地獄の特訓が終了して遂に夜となって肝試しが行われる事になった。クラス対抗で先にB組が脅かす側、A組が脅かされる側。二人一組で3分置きに出発。ルートの真ん中に名前を書いた御札があるから、各自それを持って帰ることがルール。脅かす側は直接接触する事は原則禁止だが、個性を使用しての脅かしはあり。

 

 

「肝を試す時間だ~!!」

「「「「試すぜぇ!!!」」」」

 

芦戸、切島、瀬呂、上鳴、砂藤は非常にやる気満々で楽しみにしていた模様。辛い事が多い林間合宿だがこの肝試しは飴なのだからある意味当然なのかもしれない。特に彼らは補修組なのでそれが強く出ている、が―――そこに相澤の捕縛布が彼らを拘束する。

 

「その前に、大変心苦しいのだが……補修連中はこれから俺と授業だ」

『嘘でしょ先生!!?』

「生憎マジだ。日中が疎かになってたのでこちらを削る」

『勘弁してぇぇぇぇッッ!!!!』

『試させてくれぇぇ!!!』

 

悲鳴混じりの声が徐々に遠くなっていく、自分も赤点を取っていたらああなっていたのかと思うと少しばかり恐ろしくなってくる。彼らを見送った後、今度は自分達が順番を決める事になった。

 

「あっ私とだね獣王君、宜しくね!!」

「ああ、宜しく」

 

翔纏のペアは透明の個性を持った葉隠だった。今まで余り絡まなかった相手だがこれはこれでクラスメイトと話のタネには丁度良い、そしてトップバッターであった翔纏はそのまま森の中へと入っていく。目的は奥で待機しているラグドール、そこでお札を確保して戻ってくる。張り切って奥へと進んでいった時、翔纏は自分が思っていた以上にあっさりとその時が来たと思った。

 

「葉隠さん、このまま拳藤たちと引くよ」

「でっでも如何やって!!?」

「俺に任せて、それに相澤先生が良いタイミングで許可をくれた……これなら思いっきりやれる!!」

 

頭へと響いてくるのはマンダレイのテレパスによる緊急入電、A組とB組の全員へと伝えられる戦闘許可。これならば―――自分は今の状況を覆すジョーカーとなる事が出来る。

 

「ちょっちょっと待って翔纏アンタまさか!!」

「そのまさかだ―――俺はっ後悔しない!!!変身!!!!」

 

クワガタ!

カマキリ!

バッタ!

 

ガタキリバ!!

 

 

自分が何をするのか察した拳藤は口を手で覆いながら大いに焦った。
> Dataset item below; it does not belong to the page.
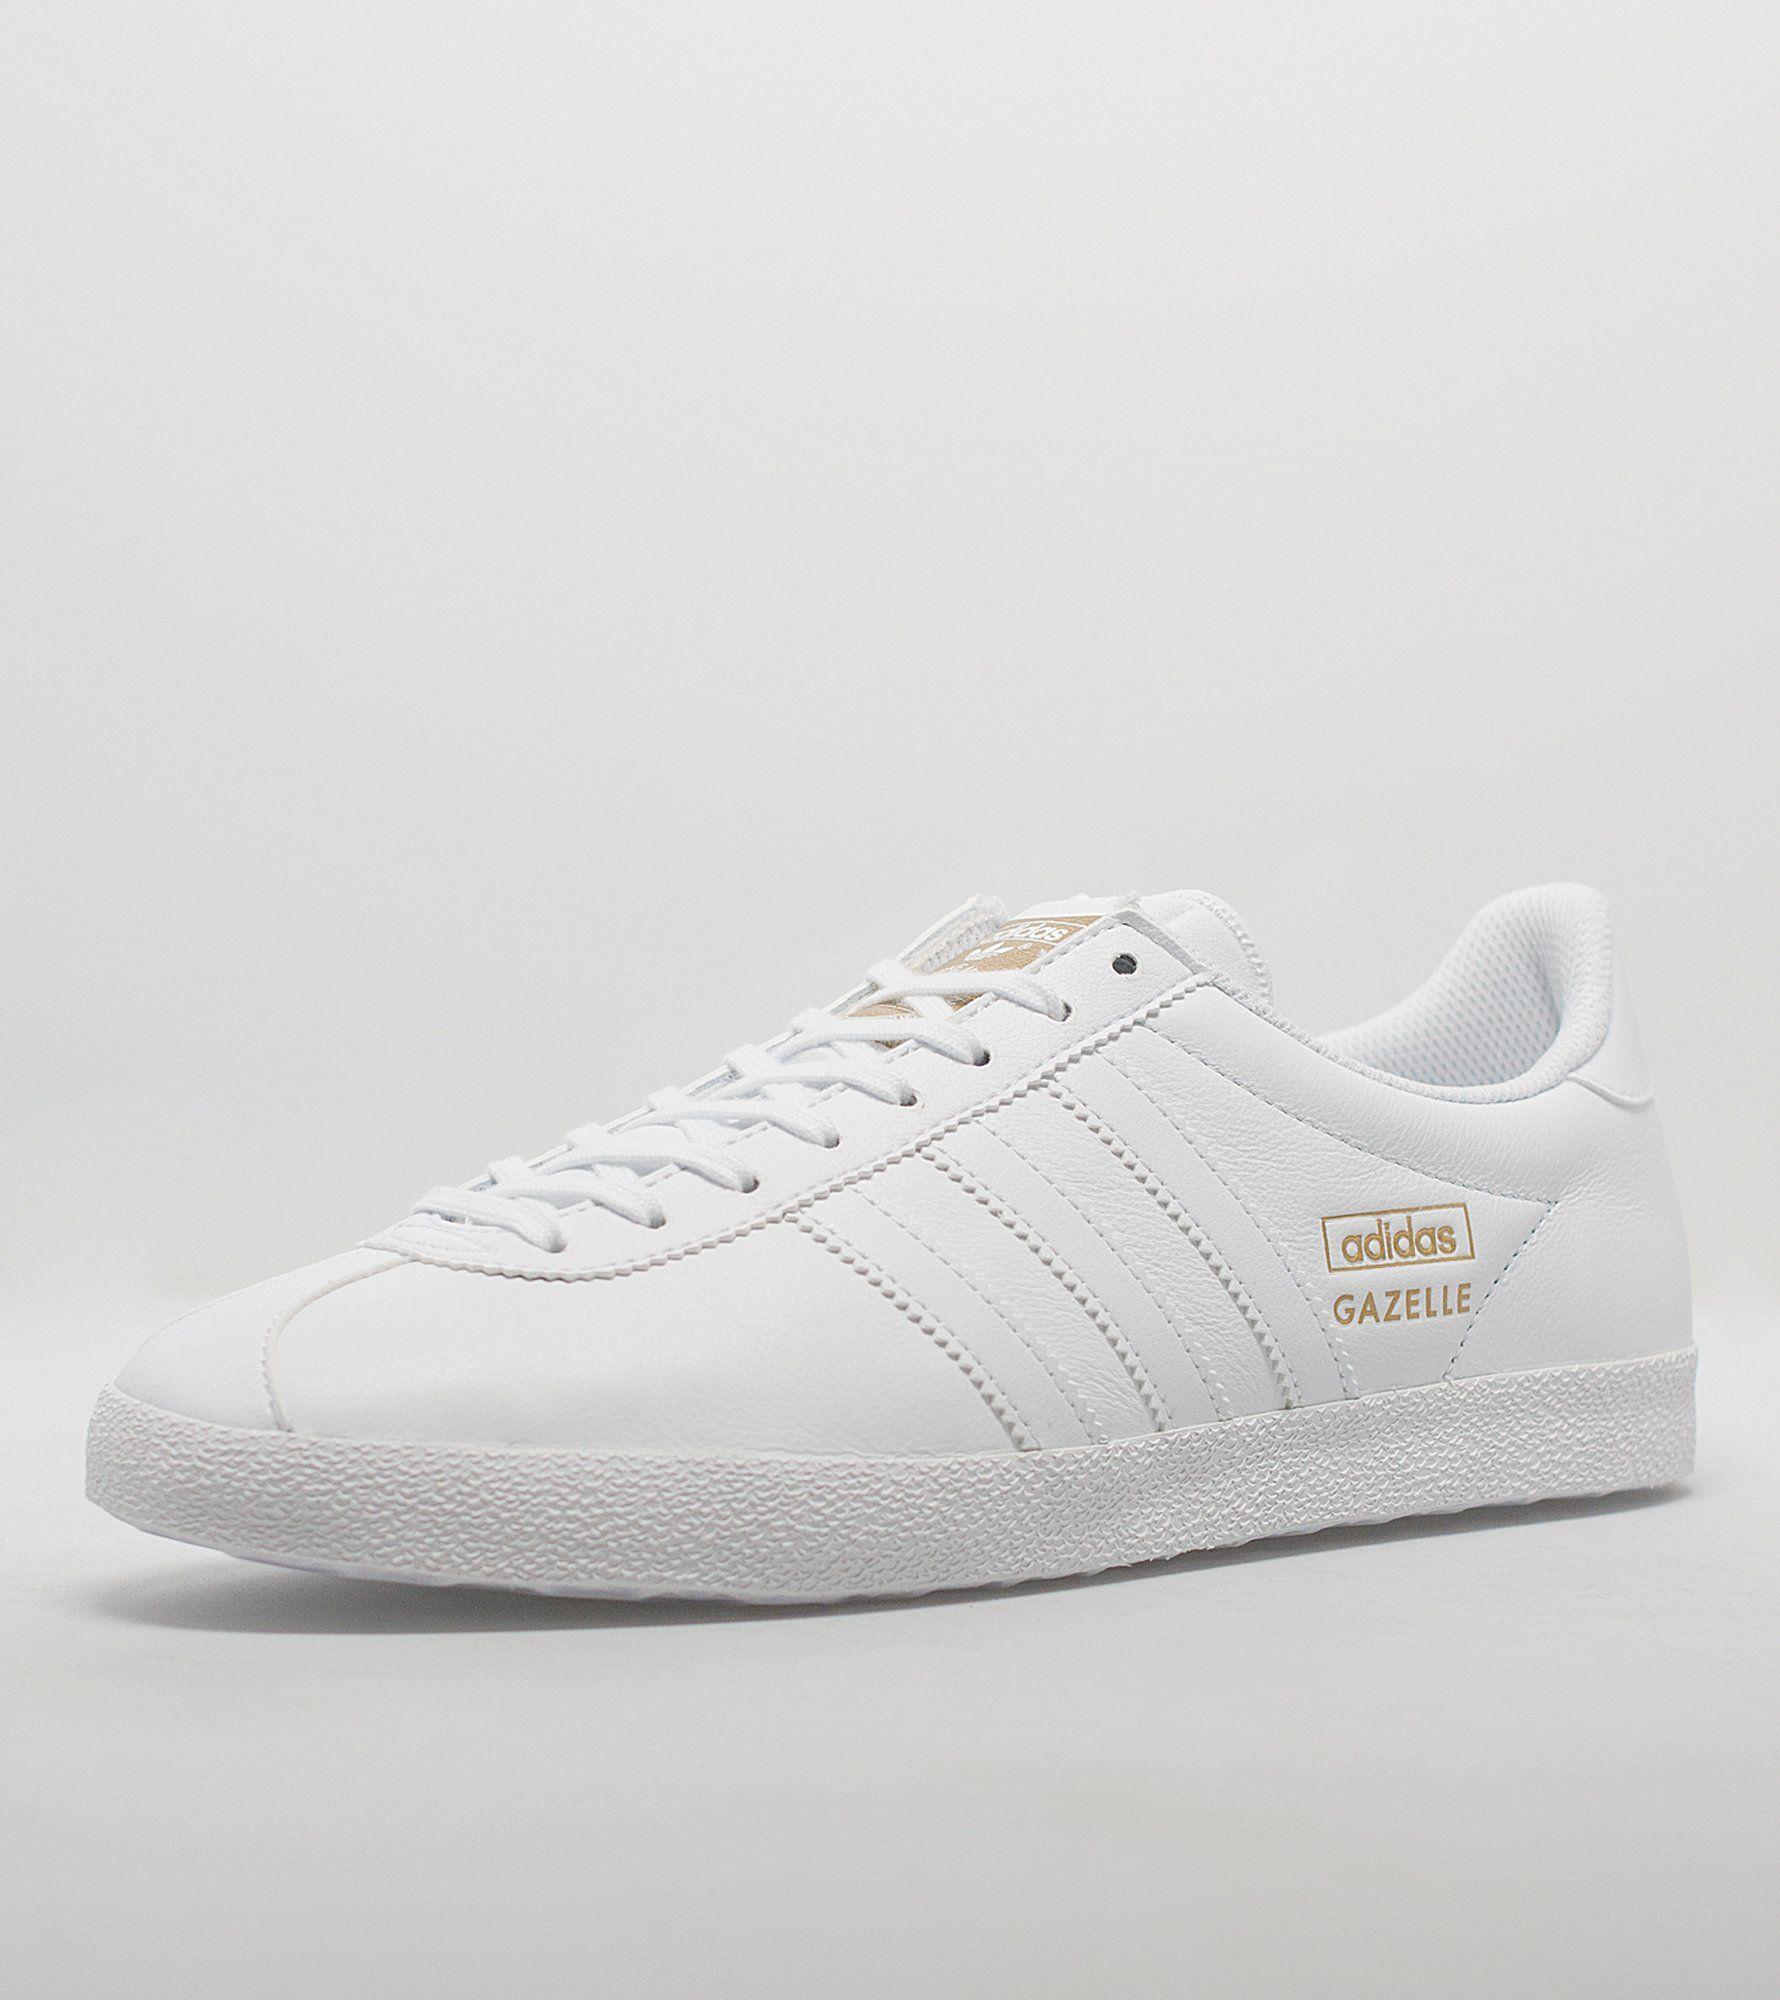 6ed7f41c998 ... ireland adidas originals gazelle og leather 7b787 0e572

だが翔纏はその言葉を聞かなかった、この状況では一刻の猶予も無い。だからこそ行動しなければならない、ガタキリバへと変身した翔纏は即座に複数の分身を生み出した。そして―――

 

「頼むぞ俺達、皆を助けろ。全力で戦え!!!」

『おう!!!』

 

その言葉に応えるように散っていく分身たち、そして拳藤や葉隠らを抱える為の分身と共に翔纏は脱出を図る―――ヴィランに襲撃されているこの状況で前に進まないなんて事はしてはいけない。